Constantine A. Murenin
mureninc at gmail.com
Wed Jun 12 18:19:56 EDT 2013
I smell a big outage:
% date; traceroute tserv1.fra1.he.net
Wed Jun 12 15:17:04 PDT 2013
traceroute to tserv1.fra1.he.net (216.66.80.30), 30 hops max, 60 byte packets
1 192.168.105.3 (192.168.105.3) 0.673 ms 0.773 ms 0.923 ms
2 10gigabitethernet7-6.core3.fmt2.he.net (65.49.10.217) 1.795 ms
1.811 ms 1.795 ms
3 10gigabitethernet12-1.core1.lax1.he.net (184.105.213.26) 19.773
ms 10gigabitethernet10-1.core1.sjc2.he.net (184.105.222.14) 0.786 ms
0.756 ms
4 10gigabitethernet10-8.core1.nyc4.he.net (72.52.92.225) 71.714 ms
76.569 ms 10gigabitethernet14-2.core1.nyc4.he.net (184.105.213.198)
71.690 ms
5 * * *
6 * * *
7 * * *
8 * * *
9 * * *
10 * * *
11 * * *
12 * * *
13 * * *
14 * * *
15 * *^C
However, a "reverse" traceroute works fine:
% date; traceroute ns1.he.net
Wed Jun 12 15:18:47 PDT 2013
traceroute to ns1.he.net (216.218.130.2), 64 hops max, 40 byte packets
1 static.33.203.4.46.clients.your-server.de (46.4.203.33) 0.682 ms
0.531 ms 0.481 ms
2 hos-tr4.juniper2.rz13.hetzner.de (213.239.224.97) 0.245 ms
hos-tr3.juniper2.rz13.hetzner.de (213.239.224.65) 0.242 ms
hos-tr2.juniper1.rz13.hetzner.de (213.239.224.33) 0.241 ms
3 hos-bb2.juniper4.ffm.hetzner.de (213.239.240.150) 5.951 ms
hos-bb1.juniper1.ffm.hetzner.de (213.239.240.224) 4.803 ms 4.786 ms
4 30gigabitethernet4-3.core1.fra1.he.net (80.81.192.172) 6.354 ms
6.81 ms 5.451 ms
5 10gigabitethernet10-2.core1.par2.he.net (72.52.92.26) 22.803 ms
24.531 ms 24.787 ms
6 10gigabitethernet15-1.core1.ash1.he.net (184.105.213.93) 101.504
ms 99.563 ms 99.958 ms
7 10gigabitethernet11-1.core1.pao1.he.net (184.105.213.177) 163.687
ms 171.711 ms 175.34 ms
8 10gigabitethernet1-2.core1.fmt1.he.net (184.105.213.65) 163.940
ms 171.362 ms 167.67 ms
9 ns1.he.net (216.218.130.2) 163.52 ms 165.265 ms 164.143 ms
C.
On 12 June 2013 15:11, Constantine A. Murenin <mureninc at gmail.com> wrote:
> he.net fra1 tserv1 is down since about 10 minutes ago (~14:57 PT),
> this time it seems like the whole thing is down, cannot even ping
> ordns.he.net over IPv6; a connection of my friend who's running a
> smokeping is also down, e.g. this is definitely widespread.
>
> Not sure what's exactly down, but it seems to be bgp-related, perhaps:
>
> 1 2600:3c01::8678:acff:fe0d:79c1 (2600:3c01::8678:acff:fe0d:79c1)

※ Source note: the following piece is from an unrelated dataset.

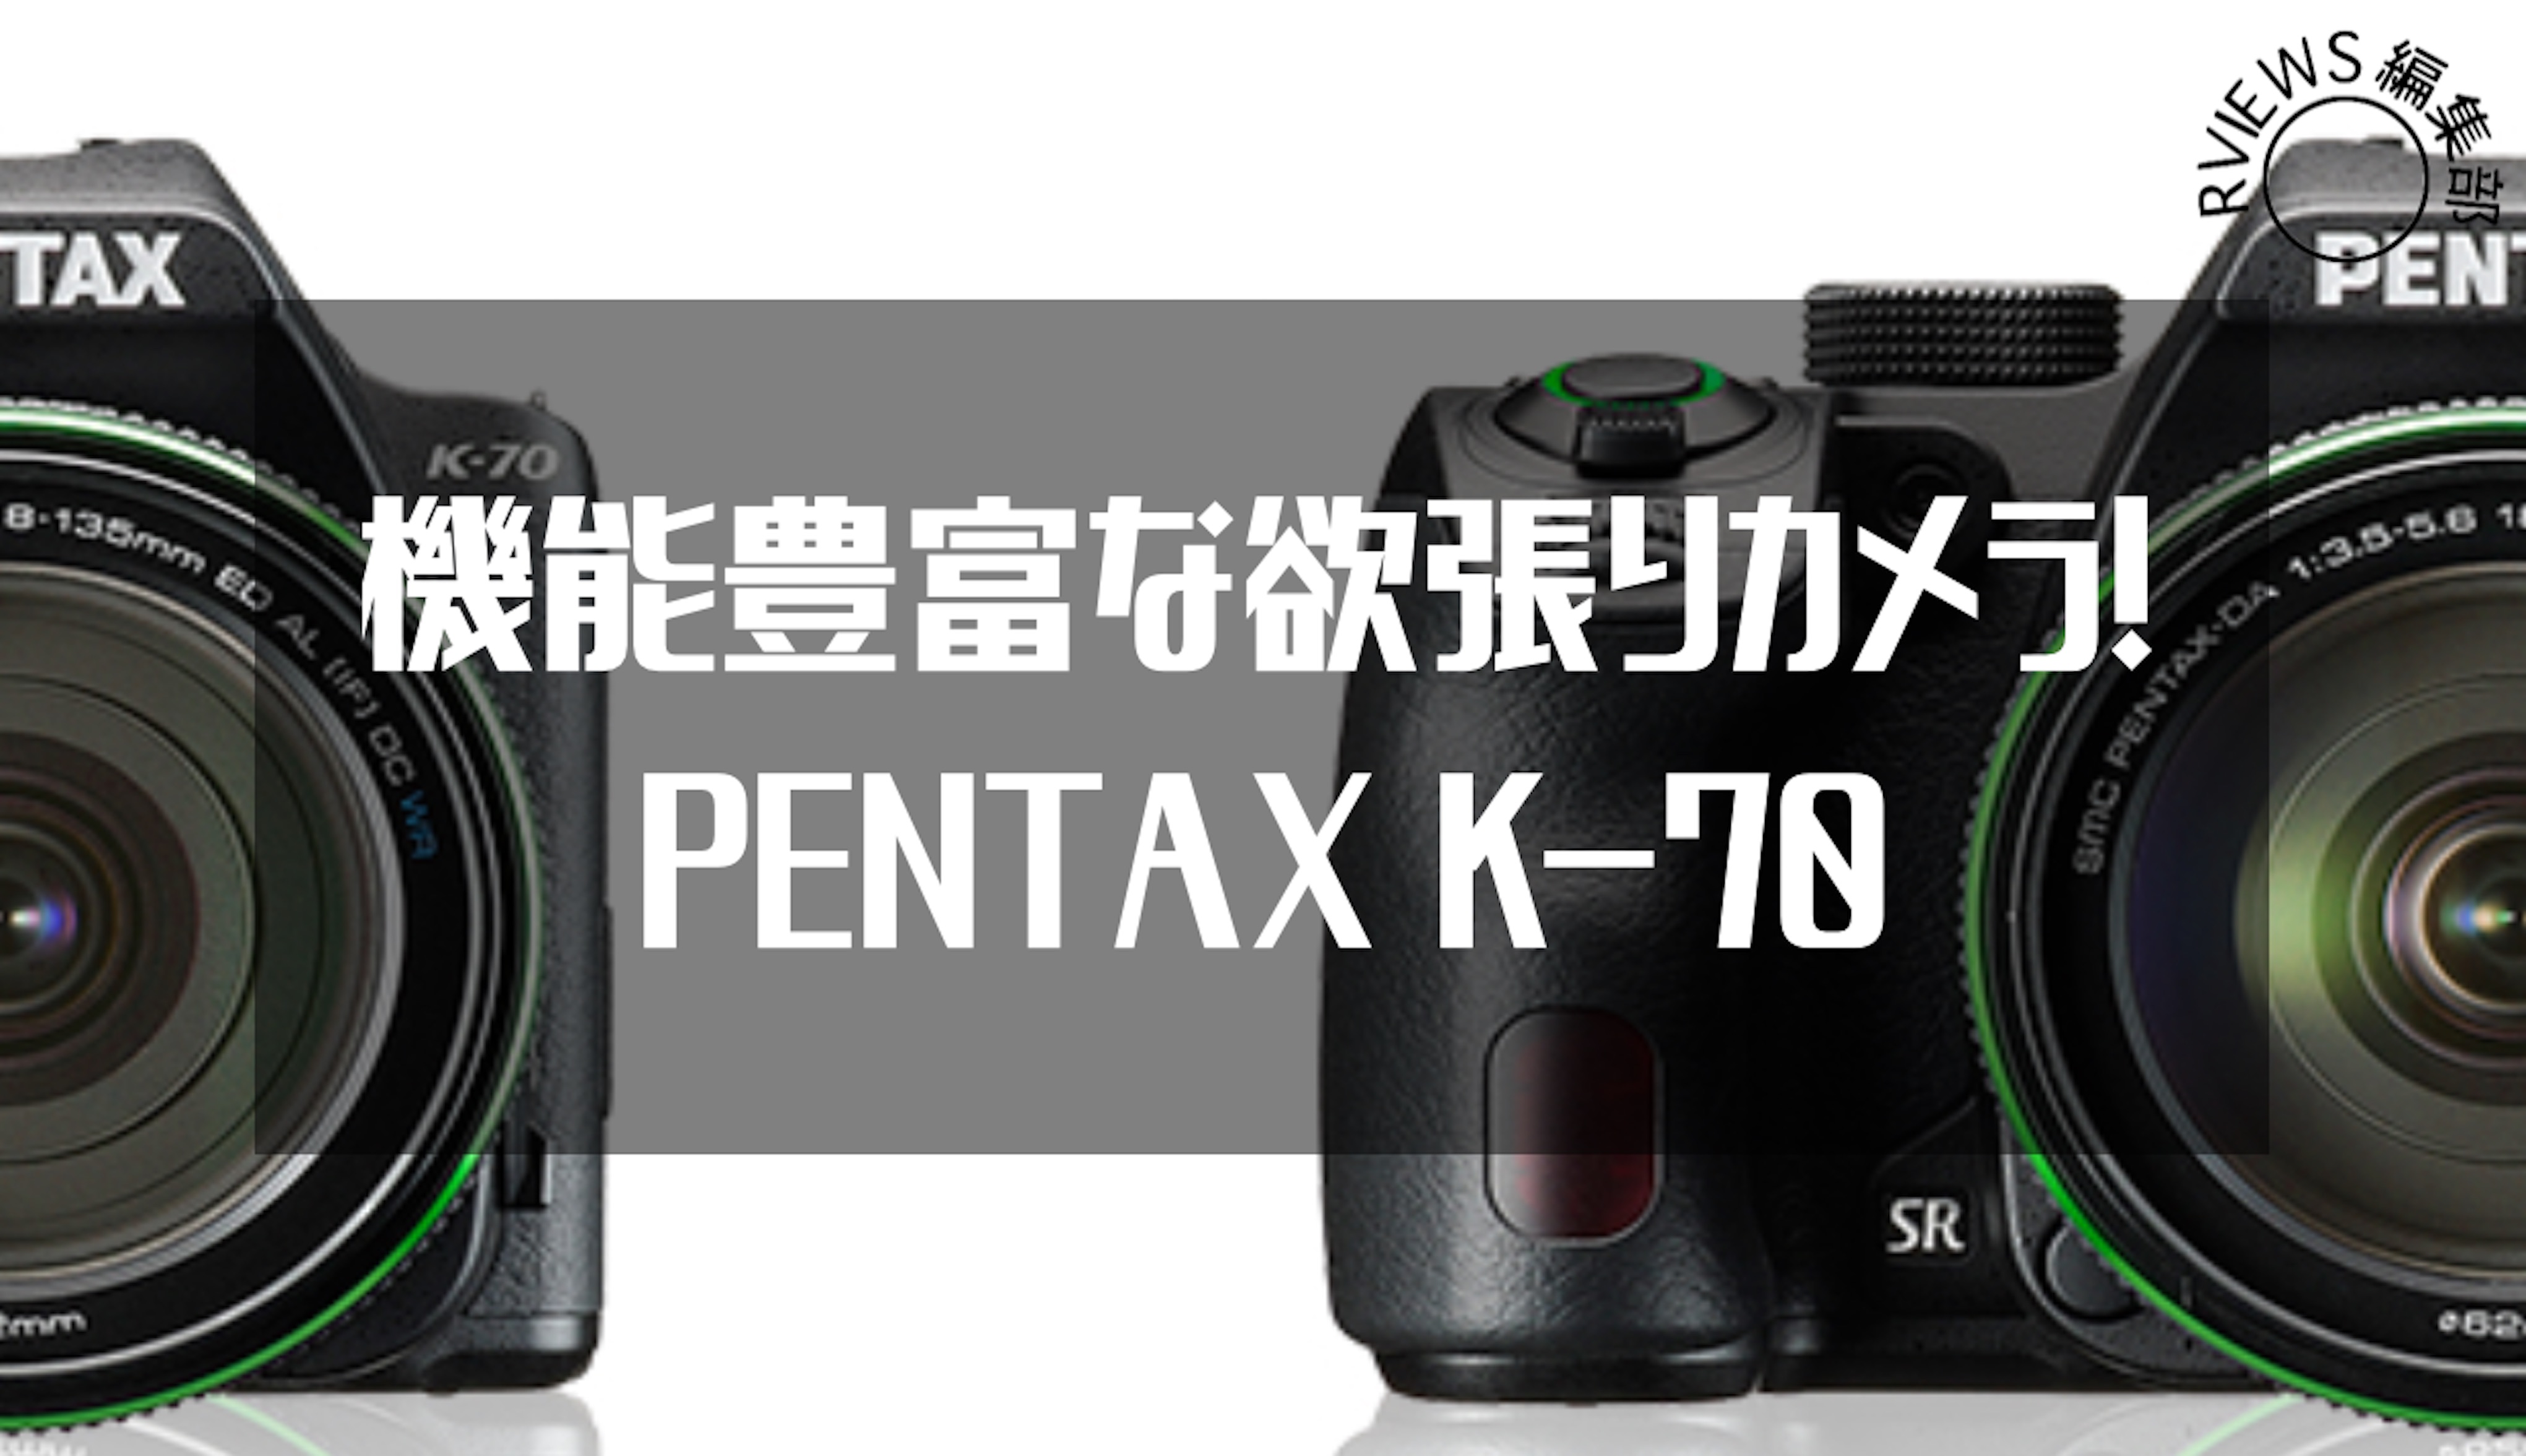 機能豊富な欲張りカメラ! PENTAX K-70レビュー | Picky's

> 0.699 ms 0.828 ms 0.970 ms
> 2 10gigabitethernet7-6.core3.fmt2.he.net (2001:470:1:3b8::1) 5.936
> ms 5.877 ms 5.859 ms
> 3 10gigabitethernet5-4.core1.pao1.he.net (2001:470:0:263::2) 6.743
> ms 6.877 ms 6.978 ms
> 4 * * *
> 5 * * *
> 6 * * *
> 7 * * *
> 8 * * *
> 9 * * *
> 10 * * *
> 11 * * *
> 12 * * *
> 13 * * *
> 14 * * *
> 15 * * *
> 16 * * *
> 17 * * *
> 18 * * *
>
> C.
>
> On 14 May 2013 15:50, Constantine A. Murenin <mureninc at gmail.com> wrote:
>> For what it is worth, further details about the issue have surfaced.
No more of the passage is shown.